7. Potentialities and Applications of LSMs
- Enhanced Semantic Understanding and Robust Reasoning: Perhaps the most significant potentiality lies in achieving a deeper level of semantic comprehension. By linking signifiers/representamens to explicit conceptual representations (Signifieds) and grounding them in world models or perception (Objects), LSMs can move beyond surface-level pattern matching. This enables superior ambiguity resolution; for instance, the meaning of "bank" (river vs. financial institution) could be resolved not just by surrounding words but by consulting the LSM’s internal world model or knowledge base to determine the relevant context (e.g., is the discussion about geography or finance?). Similarly, understanding nuance, irony, and metaphor often requires accessing conceptual knowledge and world understanding that LLMs lack. An LSM could potentially interpret "My lawyer is a shark" not just as a common idiom but by mapping relevant conceptual properties (predatory, aggressive) from the ’shark’ concept onto the ’lawyer’ concept within a specific interactional context. Crucially, LSMs promise far more robust reasoning. Equipped with internal world models, causal representations, and potentially integrated symbolic logic modules, they could perform reliable commonsense reasoning (e.g., inferring that putting water in a sieve results in it flowing through, based on object properties and physical principles), causal inference (e.g., diagnosing a system failure by tracing causal chains within its model, not just correlating symptoms described in text; [45,46]), and counterfactual reasoning ("What would have happened if the temperature had been lower?"). This contrasts sharply with LLMs, whose reasoning is often brittle, susceptible to superficial changes in phrasing, and struggles with novel scenarios not explicitly covered by training data patterns [6,14,15]. LSMs could reason about the world, not just from textual descriptions of it.

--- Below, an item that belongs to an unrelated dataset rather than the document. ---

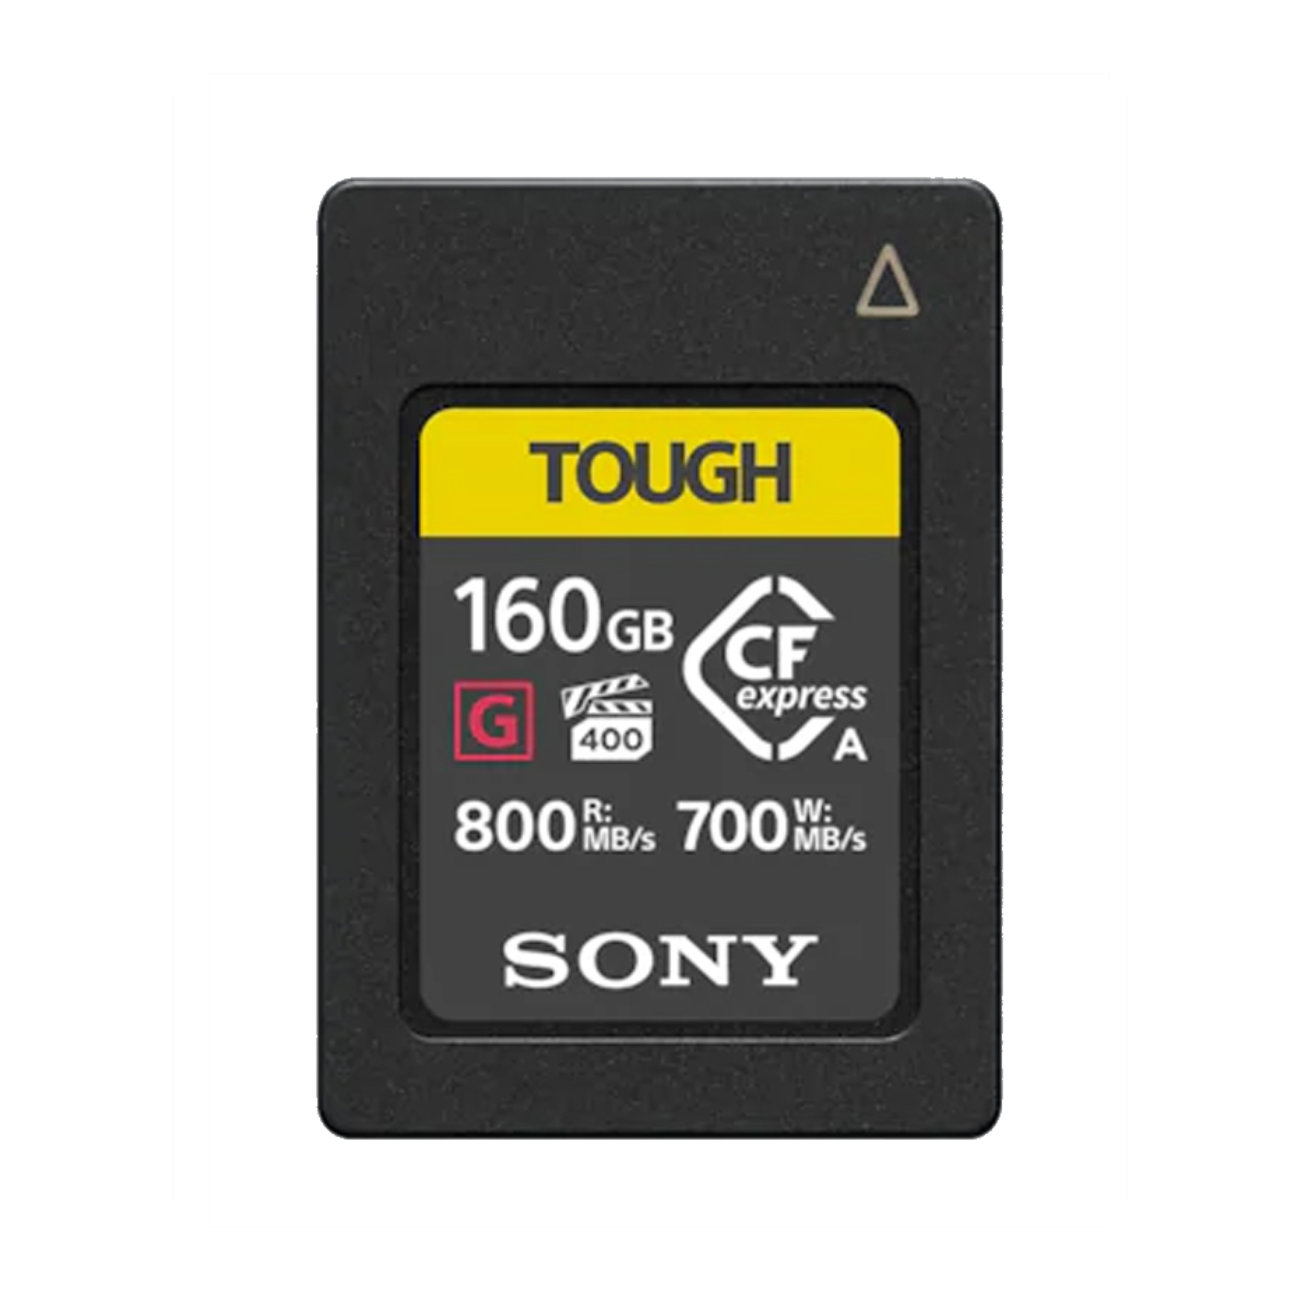 Sony 160GB CFexpress Typ A Tough

- Improved Reliability, Trustworthiness, and Factuality: The pervasive issue of hallucination in LLMs [10,11] stems directly from their lack of grounding. LSMs offer potential solutions by design. Grounding mechanisms provide pathways for verification. An LSM asked about the capital of France could potentially verify the answer ("Paris") by cross-referencing its internal knowledge base (knowledge-based grounding) or even, in principle, accessing external, trusted data sources linked to its Object representation layer. Perceptual grounding allows verification against observed reality; an embodied LSM describing a room could ground its statements in its actual visual input. Furthermore, the internal world model enables consistency checking. If an LSM asserts "Object A is inside Box B" and later asserts "Object A is on Table C" without describing a transfer action, its internal world model would register an inconsistency, potentially triggering clarification requests or self-correction, unlike LLMs which can easily contradict themselves across turns. This inherent capacity for verification and consistency maintenance promises significantly higher factual reliability. This is critical for deploying AI in high-stakes domains such as medicine (diagnostics, treatment information), finance (market analysis, advice), legal research, journalism, and education, where the cost of inaccurate or fabricated information generated by current LLMs is unacceptably high [55]. LSMs could become trustworthy sources of information and analysis precisely because their knowledge is structured, grounded, and internally consistent.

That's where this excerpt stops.